▶ _Information shown_:

================

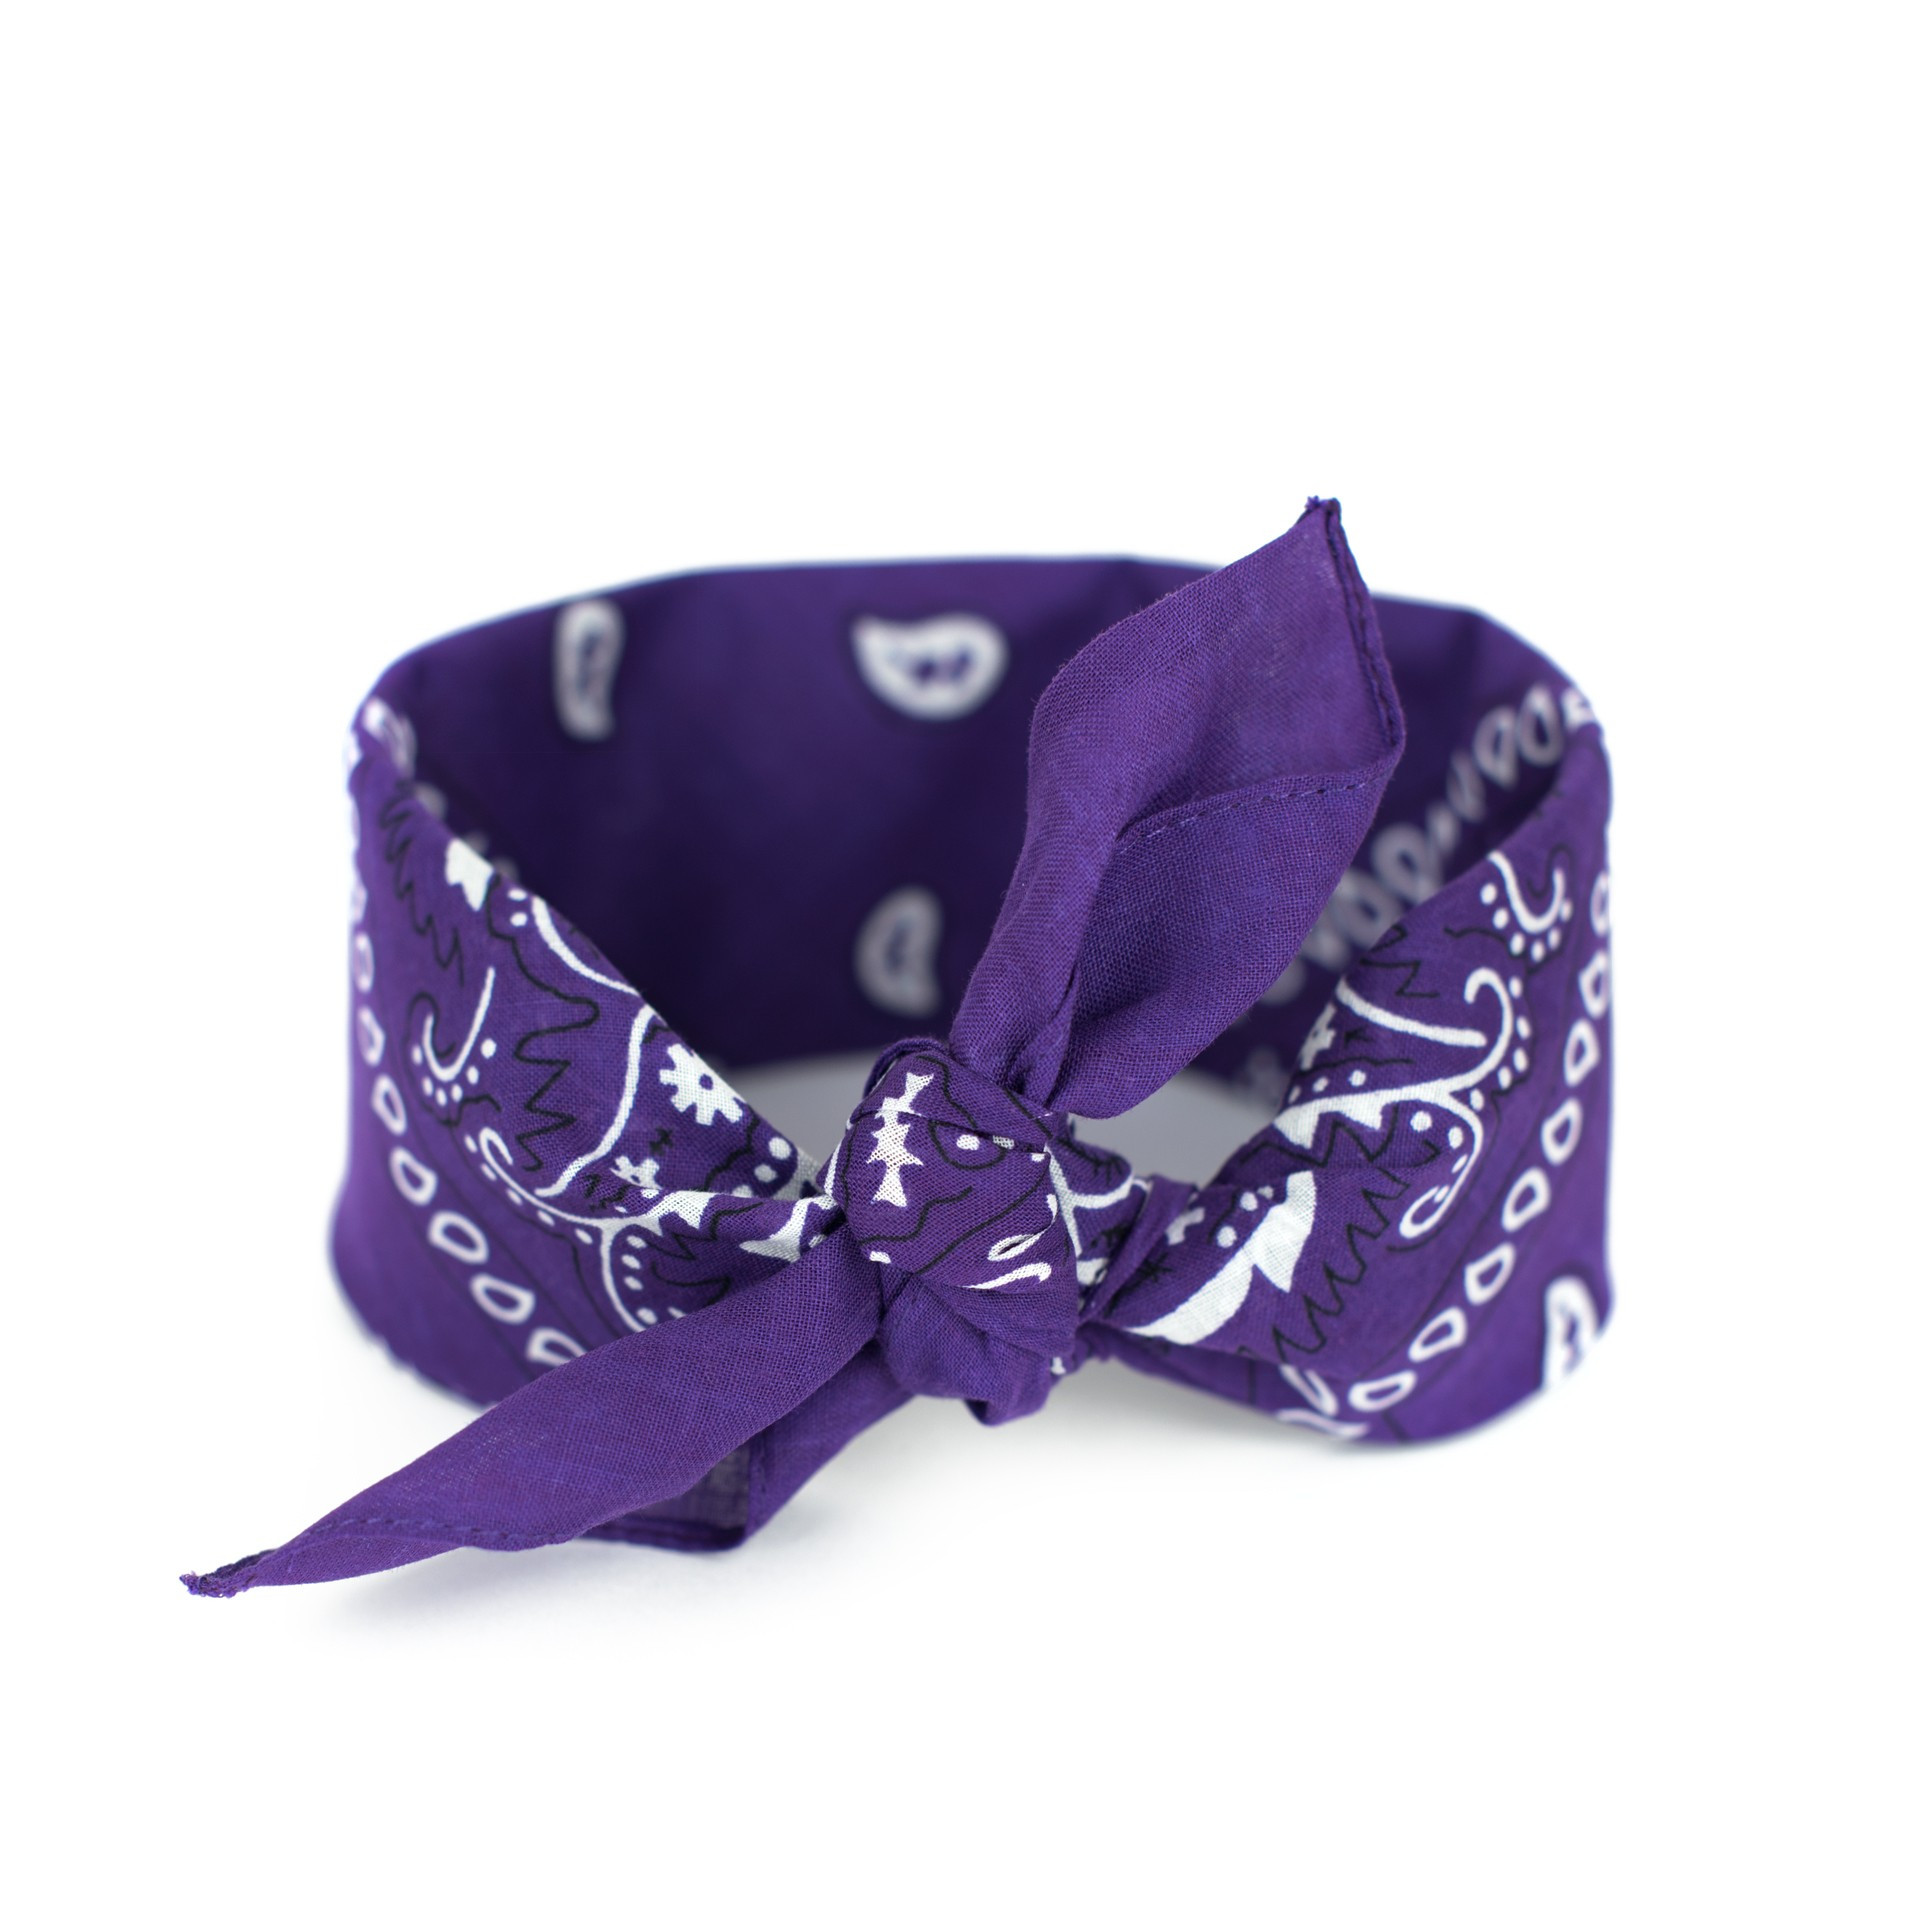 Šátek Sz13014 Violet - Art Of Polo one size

================

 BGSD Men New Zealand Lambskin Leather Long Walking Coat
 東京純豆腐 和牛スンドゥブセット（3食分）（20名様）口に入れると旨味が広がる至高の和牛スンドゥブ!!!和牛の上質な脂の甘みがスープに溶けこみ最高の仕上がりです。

================

▶ _Exercise goal_: Beginning at the line with "BGSD Men New" and stopping after the line with "東京純豆腐 和牛スンドゥブセ", please write out every line of the data above exactly and nothing else.

▶ _Output of the task_:
 BGSD Men New Zealand Lambskin Leather Long Walking Coat
 東京純豆腐 和牛スンドゥブセット（3食分）（20名様）口に入れると旨味が広がる至高の和牛スンドゥブ!!!和牛の上質な脂の甘みがスープに溶けこみ最高の仕上がりです。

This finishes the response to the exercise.